VANCOUVER (Biermann) – Lohnt es sich, das Alter für das Darmkrebs-Screening in Kanada herabzusetzen? Eine Studie mit Mikrosimulations­modellen ergab jetzt, dass dadurch die Last an Darmkrebs sinken und die Lebenserwartung der kanadischen Bevölkerung zu moderaten Kosten erhöht werden kann.

Veränderungen der Leitlinien, die ein ­früheres Darmkrebs-Screening in Kanada vorschlagen, könnten gerechtfertigt sein, bilanzieren Dr. Anastasia Kalyta von BC Cancer in Vancouver, Kanada, und ihre Kollegen. Allerdings sei eine Bewertung der daraus resultierenden Auswirkungen auf die Koloskopie-Kapazität erforderlich.
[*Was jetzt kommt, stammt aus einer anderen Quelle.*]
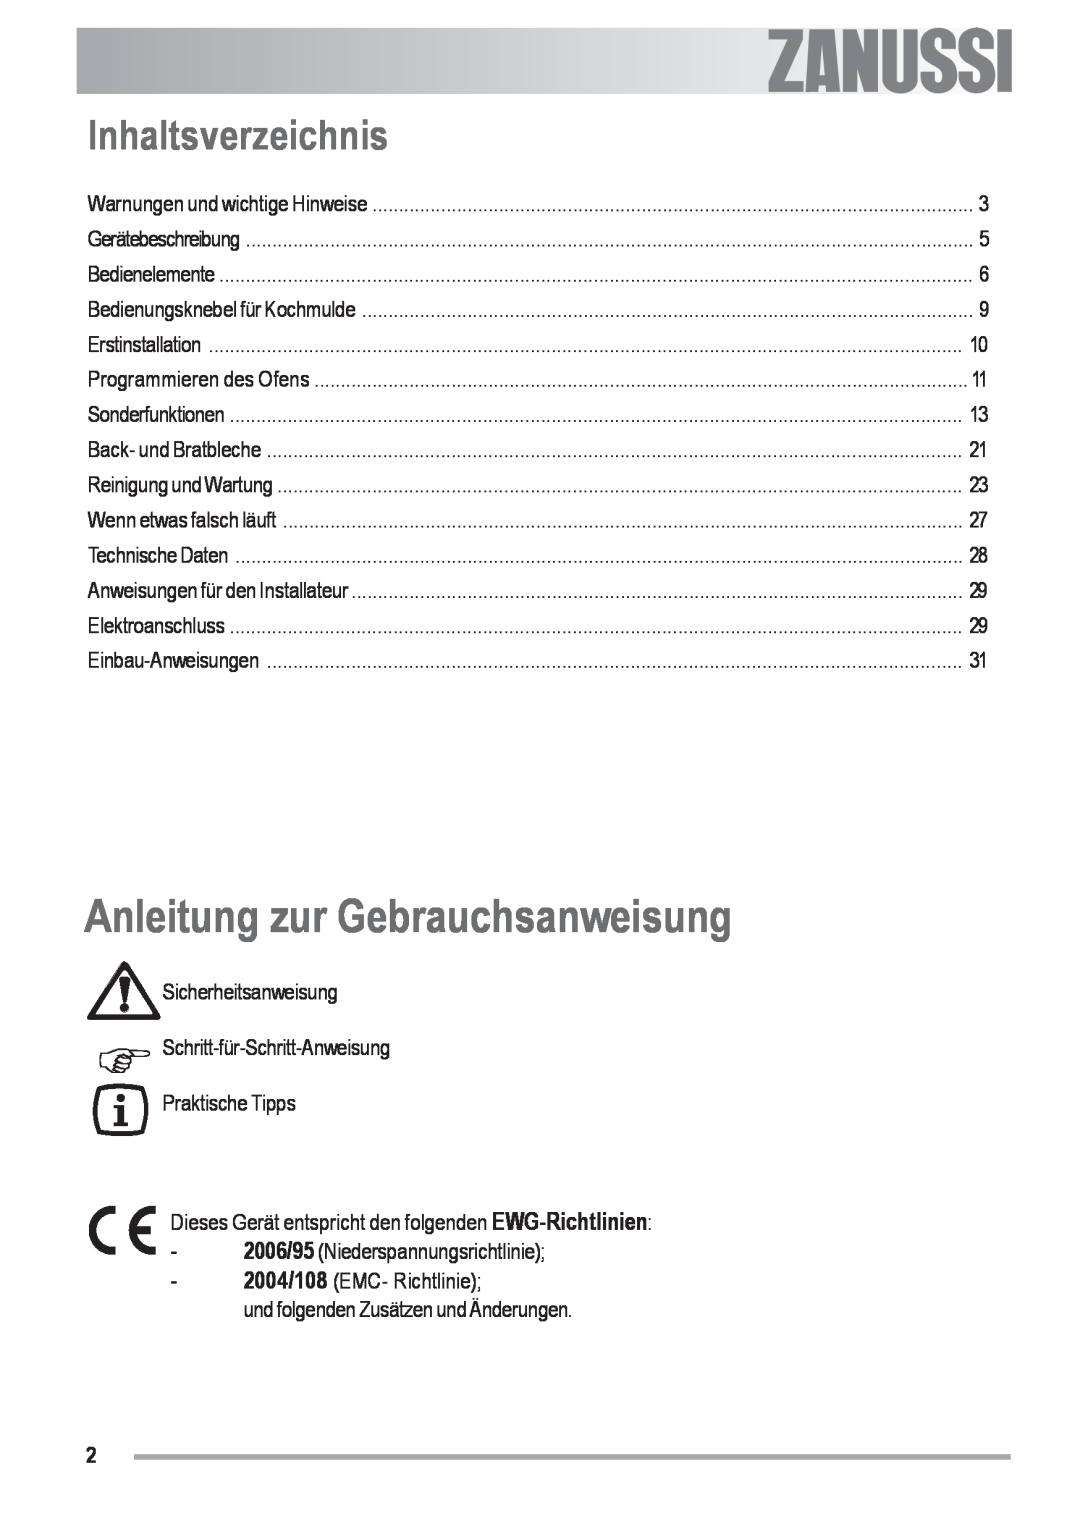 Zanussi ZOU 592 user manual Anleitung zur Gebrauchsanweisung, Inhaltsverzeichnis, Electrolux 
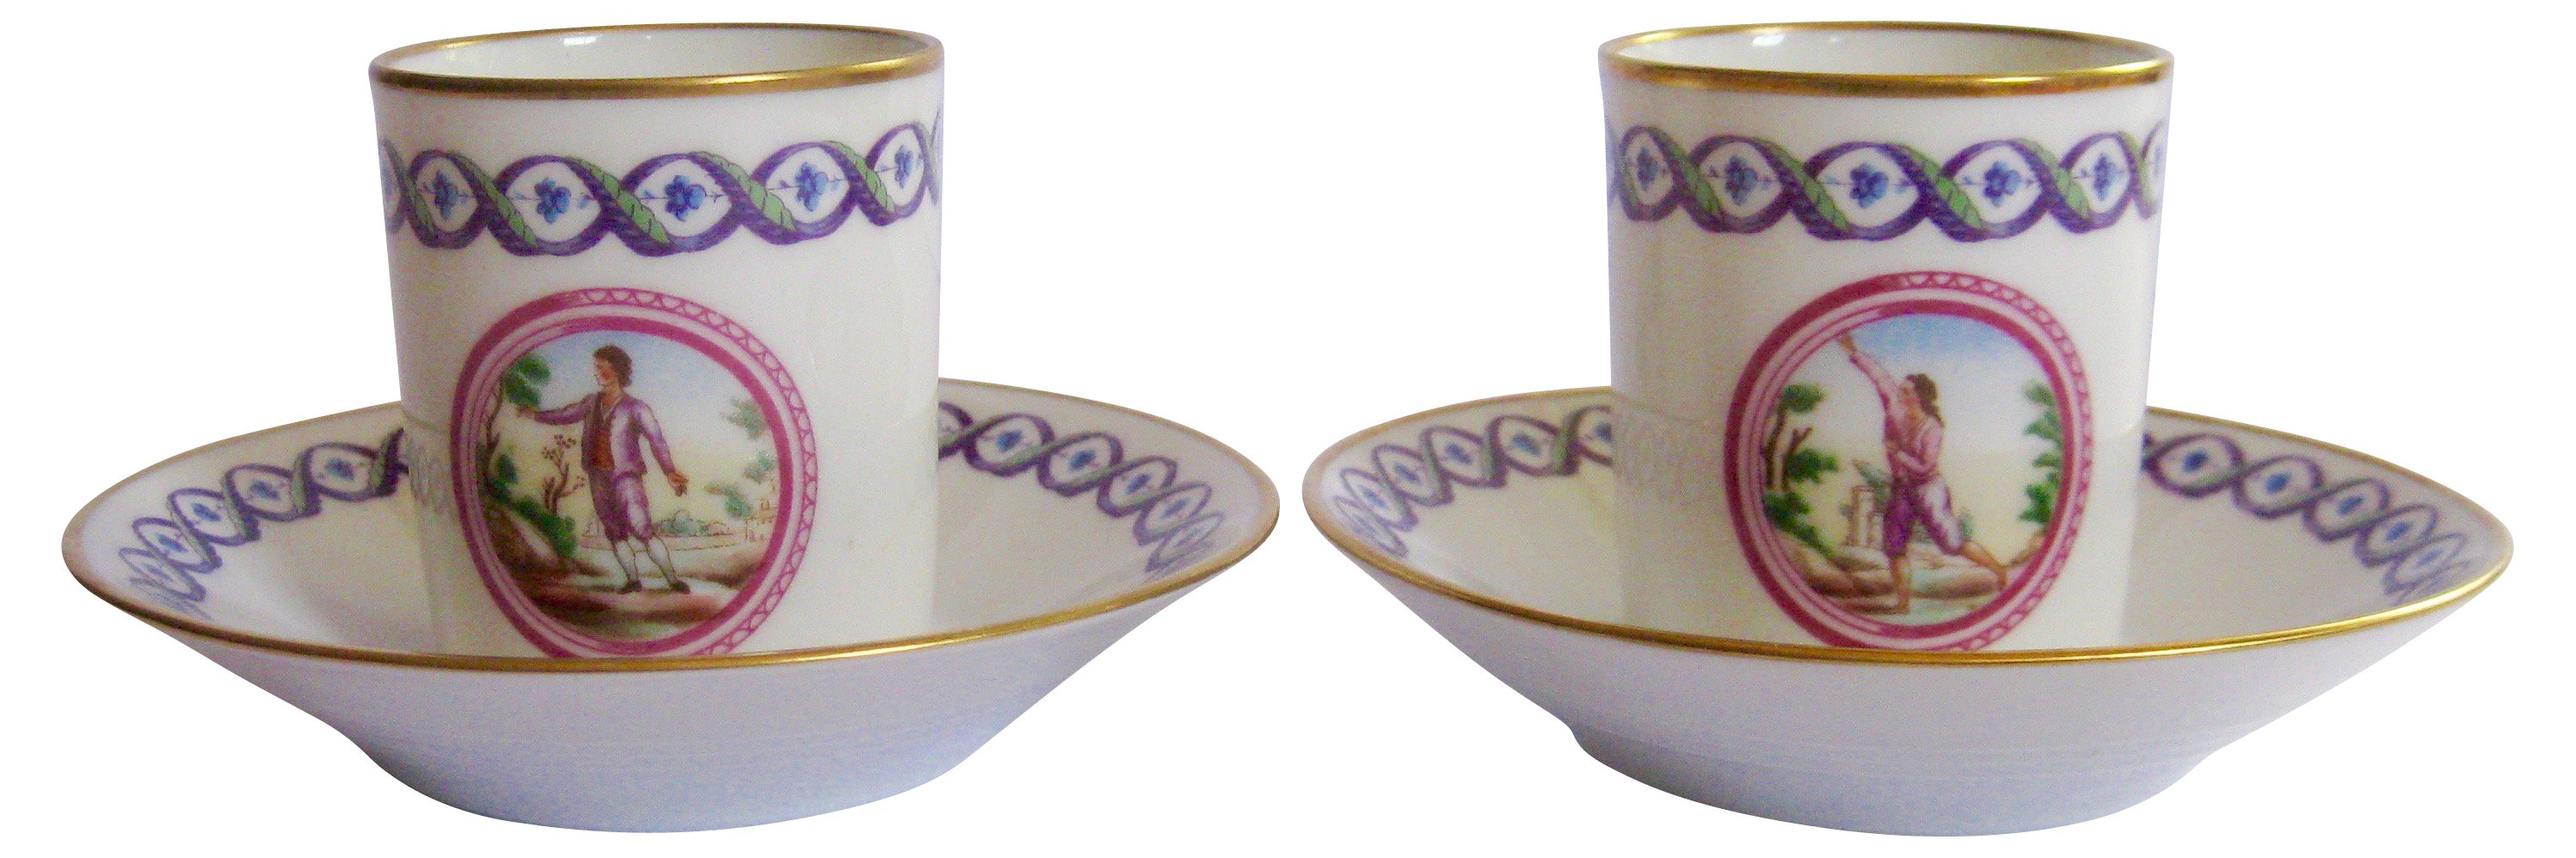 Ginori Italian Porcelain Cups & Saucers~P77367924

In ihrer Studie hatten die Autoren die Assoziation zwischen niedrigerem Einstiegsalter für das Screening mittels fäkalem immunchemischen Test (FIT) alle 2 Jahre und der Darmkrebs-Inzidenz, Mortalität und den Kosten für das Gesundheitssystem in Kanada abgeschätzt. Für ihr Mikrosimulationsmodell nutzten sie die Plattform OncoSim.

Ihre Analyse umfasste 4 für die Bevölkerung repräsentative Geburtskohorten (1973–1977, 1978–1982, 1983–1987 und 1988–1992), um zuvor dokumentierte Auswirkungen der zunehmenden CRC-Inzidenz in jüngeren Geburtskohorten zu berücksichtigen. Der Beginn des Screenings mit 45 Jahren würde demnach über einen Zeitraum von 40 Jahren – vs. Screening ab 50 Jahren – zu netto 12.188 weniger CRC-Fällen, 5261 weniger CRC-Todesfällen und 92.112 zusätzlichen qualitätsadjustierten Lebensjahren (QALYs) für die Kohortenpopulation führen. Eine weitere Absenkung des Einstiegsalters auf 40 Jahre würde zu 18.135 weniger CRC-Fällen, 7988 weniger CRC-Todes­fällen und 150.373 QALYs führen.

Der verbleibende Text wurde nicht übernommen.